Thematic analysis. This's the most common approach. You read your data (interview transcripts, written responses) and identify themes: patterns, concepts, and meanings that emerge. You code the data (label sections with theme names), then organise codes into broader themes.
Process: Read your data thoroughly. Code segments of text. Group codes into preliminary themes. Refine themes. Check that your themes actually reflect your data.
Content analysis. You count how frequently specific concepts appear. If you're analysing newspaper articles about social media, you might count how many times words like "anxiety," "addiction," or "danger" appear. This quantifies qualitative data.
Interpretative phenomenological analysis (IPA). You're interested in how people experience and make sense of phenomena. You examine how participants talk about social media, what it means to them. This's deeply interpretative.
Grounded theory. You're developing a theory from your data. Rather than testing an existing theory, you're generating one from what you observe.

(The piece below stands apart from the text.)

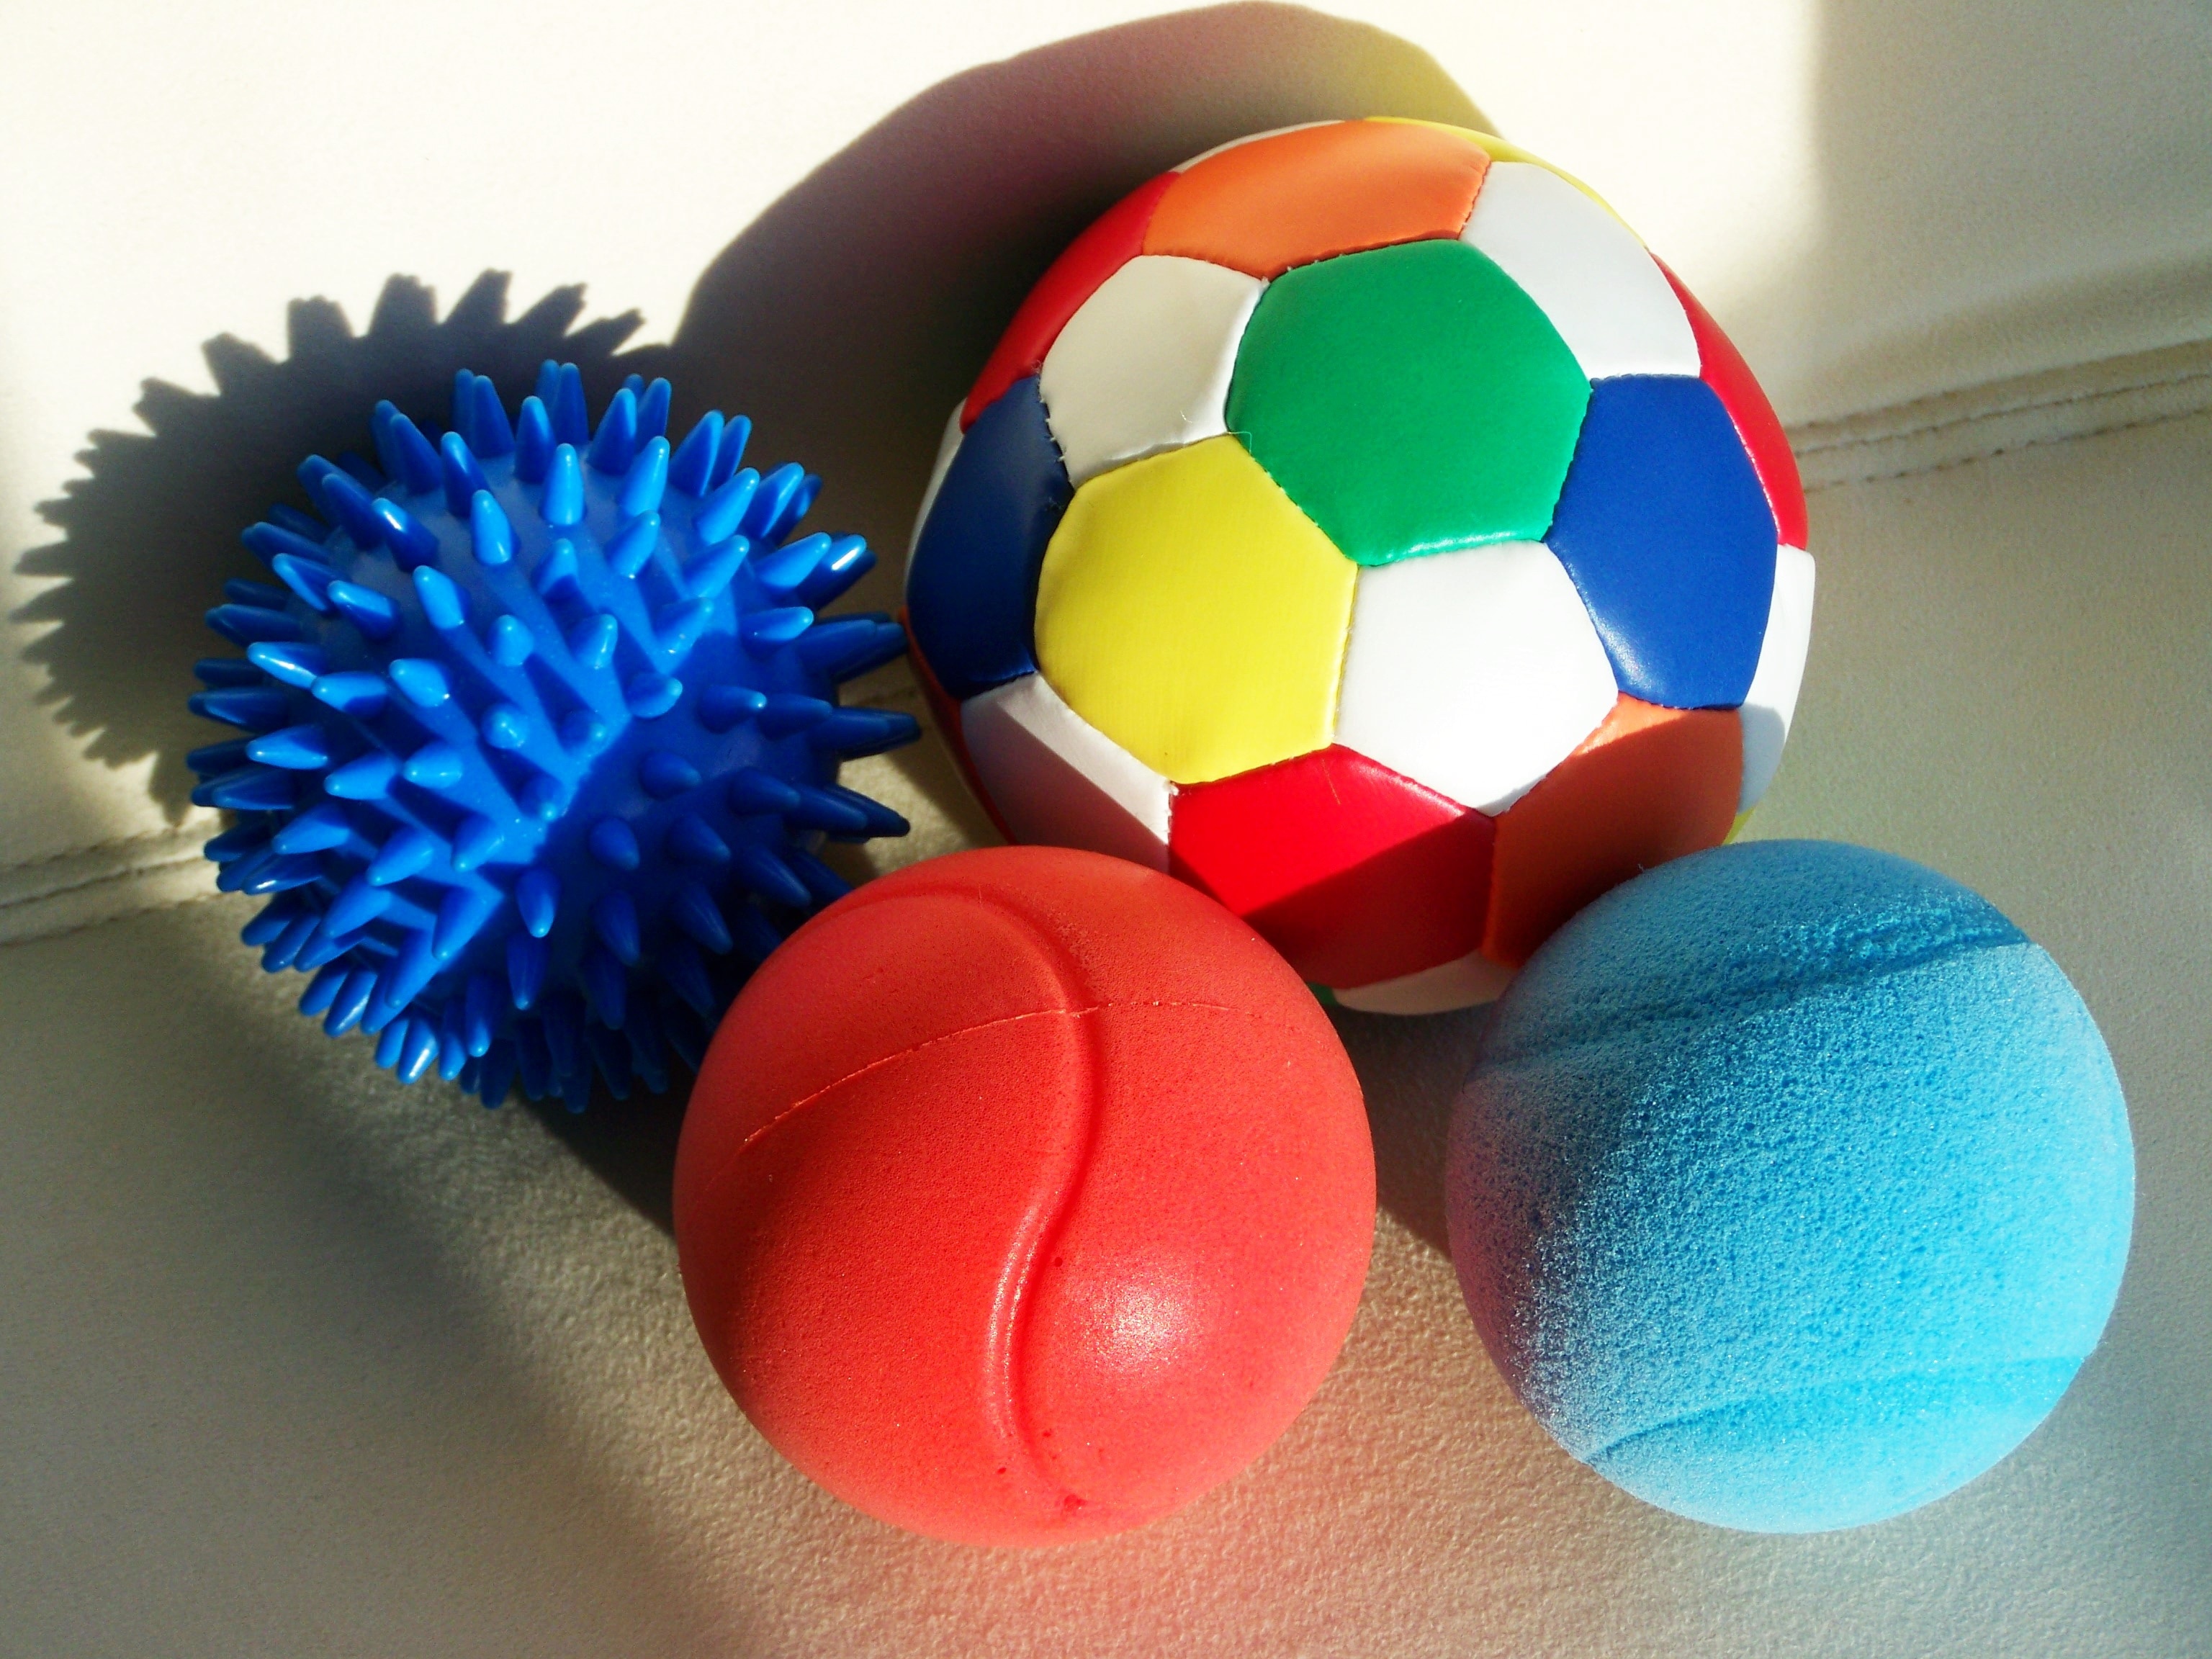 balls-colored-balls-spherical-shapes-wallpaper.jpg

Common mistakes. Claiming objectivity you don't have (all qualitative analysis involves interpretation). Underreporting the analytical process (examiners want to know how you actually did the analysis). Finding only what you expected to find (be open to surprising findings). Failing to check your codes against the data (does your code actually describe what that participant said?).
Quantitative: SPSS, R, Stata, Python. Most UK universities provide SPSS access. Learn it. It's not complicated and it makes analysis easier.
Qualitative: NVivo, ATLAS.ti, Dedoose. Or spreadsheets. Many researchers do qualitative analysis in Word or Excel. Software helps with organisation but isn't key.
For quantitative: Report actual statistics. "We found a considerable positive correlation (r = .38, p < .001)" not just "We found a relationship." Include enough information that readers could find these results in a table if they wanted.
For qualitative: Provide quotes. Show evidence for your themes. If you're claiming a theme exists, demonstrate it with participant quotes.
Fishing for findings. Running many statistical tests until you find something considerable. This inflates false positives.
Inadequate detail. Readers should understand your analytical process. How did you code? How did you decide what constituted a theme?
Mismatching analysis to questions. If your research question asks "what's this like?" qualitative analysis. If it asks "how much?" quantitative analysis.
Ignoring contradictions. If some participants disagreed with your theme, acknowledge it. Qualitative data rarely shows unanimous agreement.
Over-interpreting. Stick to what your data shows. Don't speculate beyond your evidence.
Your introduction plays a important part in setting up the rest of your dissertation, since it is here that you establish the context for your research, explain its significance, and outline the structure of what follows. A common mistake that students make in dissertation introductions is spending too long on background information at the expense of articulating a clear and focused research question that motivates the rest of the study. The introduction should demonstrate that you understand the broader academic and professional context in which your research sits, without becoming so general that it loses sight of the specific contribution your dissertation aims to make. By the end of your introduction, your reader should have a clear sense of what you are investigating, why it matters, how you intend to approach the investigation, and what they can expect to find in each subsequent chapter.
Talk to your supervisor about analysis. Look at similar dissertations to see how they analysed data. Your university likely offers statistical consulting or qualitative research support.
Data analysis is the centrepiece of your dissertation. Get it right and everything else becomes clearer.